The way this is set up means a message will only ever be handed to one worker. That simplifies things a lot. The workers ask for work when they want it, rather than being constantly listening.

It took a little tuning but we process a couple billion events a day this way and it's been basically zero maintenance for almost 10 years. The wizards in devops even figured out a way to autoscale it.

Really unimpressed with so many people thinking it's OK to shoehorn their database as a message queue.

Use the right tool for the job.

Terrible idea. Using a database for queues means using a file format that's not optimized for this, so, unless you don't delete the rows (effectively having a always-growing table) you'll run into performance issues. Also the index for a processed flag will cause contention.

I'm certain you can work around those issues, but why if you can use a proper queue?

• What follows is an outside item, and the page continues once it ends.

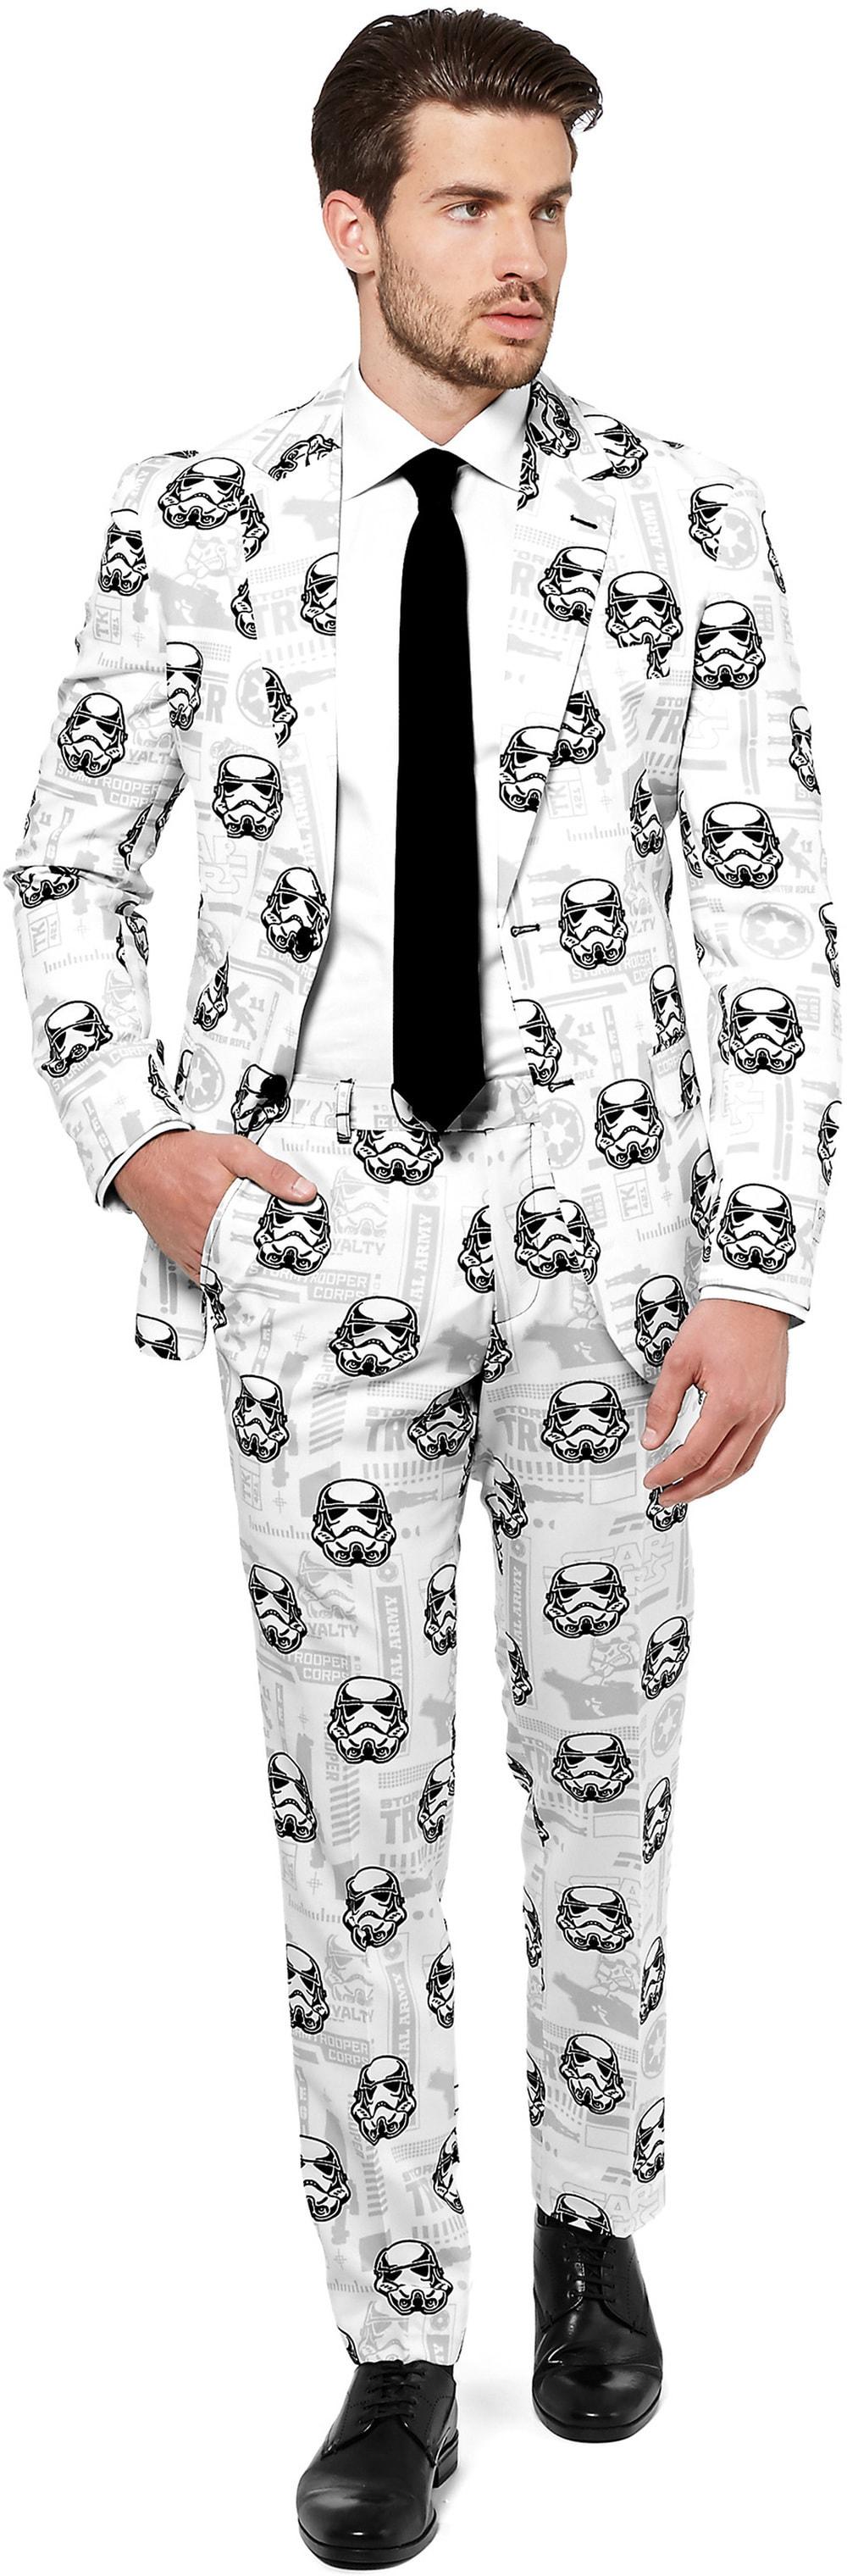 OppoSuits Stormtrooper Kostuum foto 0
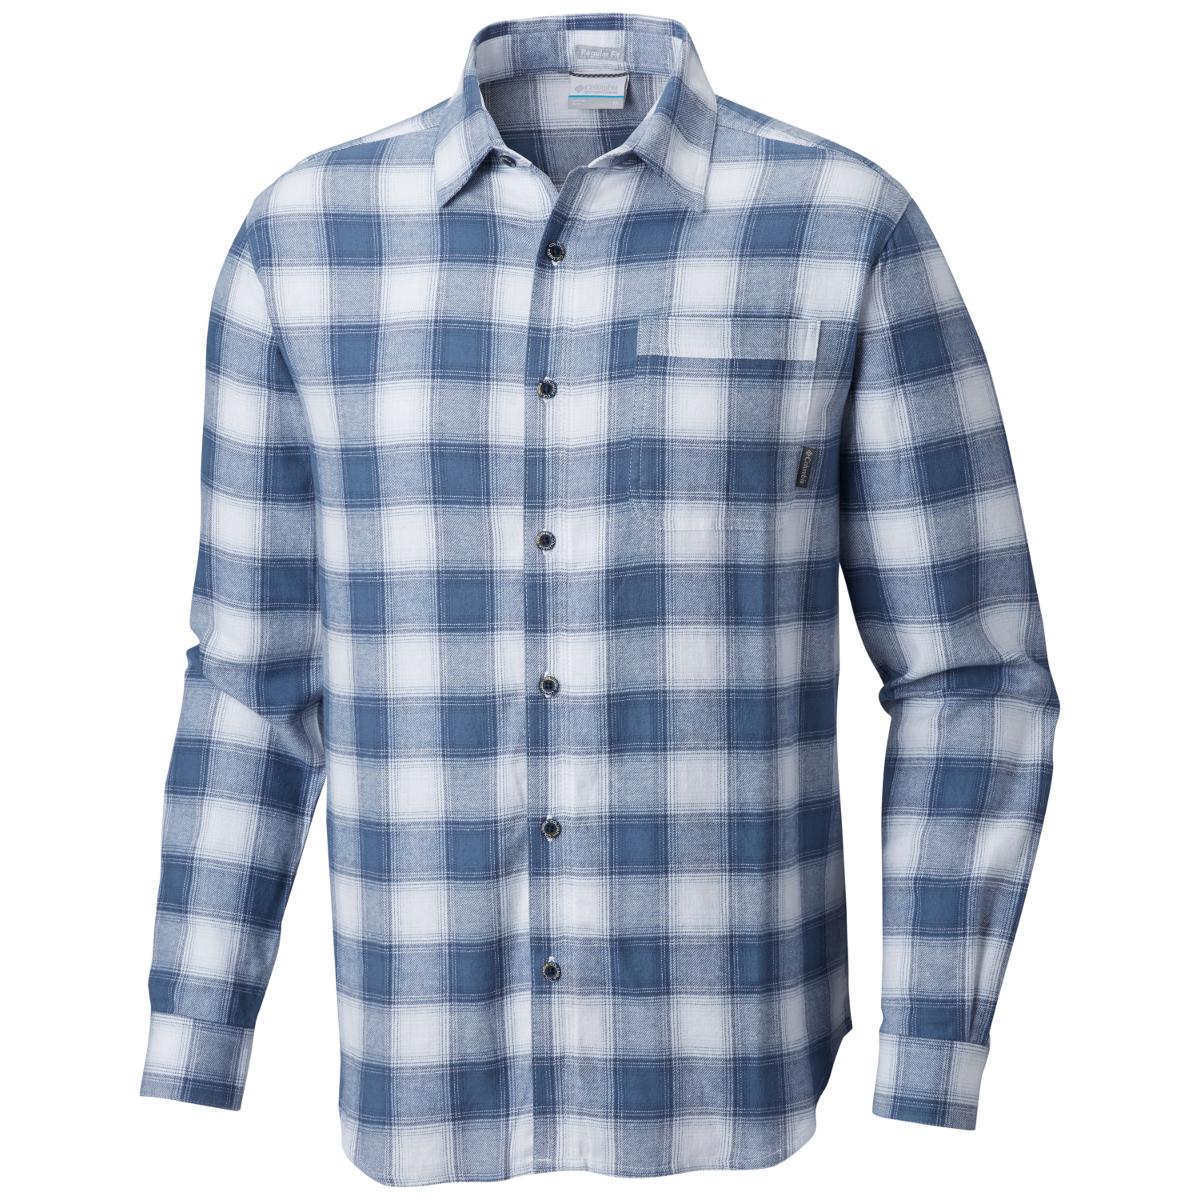 Columbia Men's Boulder Ridge Long-Sleeve Flannel Shirt - Blue, XXL

My main issue with pretty much all queue approaches is that they don't work across platforms. They are built for one technology stack, be it Python/NodeJS/etc. This is fine if you've only got one stack, but in a microservices world it doesn't work where jobs can span multiple systems. You might be able to find some abandoned library that supports that queue tech on the other platforms you need, but now you've basically become a queue tech maintainer.
I don't usually downvote posts, but this article is just garbage - a rant about "the cargo cult of scale" but no actual arguments as to why Postgres is better than redis or sqs or anything else. The main reason that people don't use postgres for this kind of thing isn't some kind of misguided obsession with scalability, it's because postgres is way more complicated to deploy / manage and harder to use for application developers than any of the other options.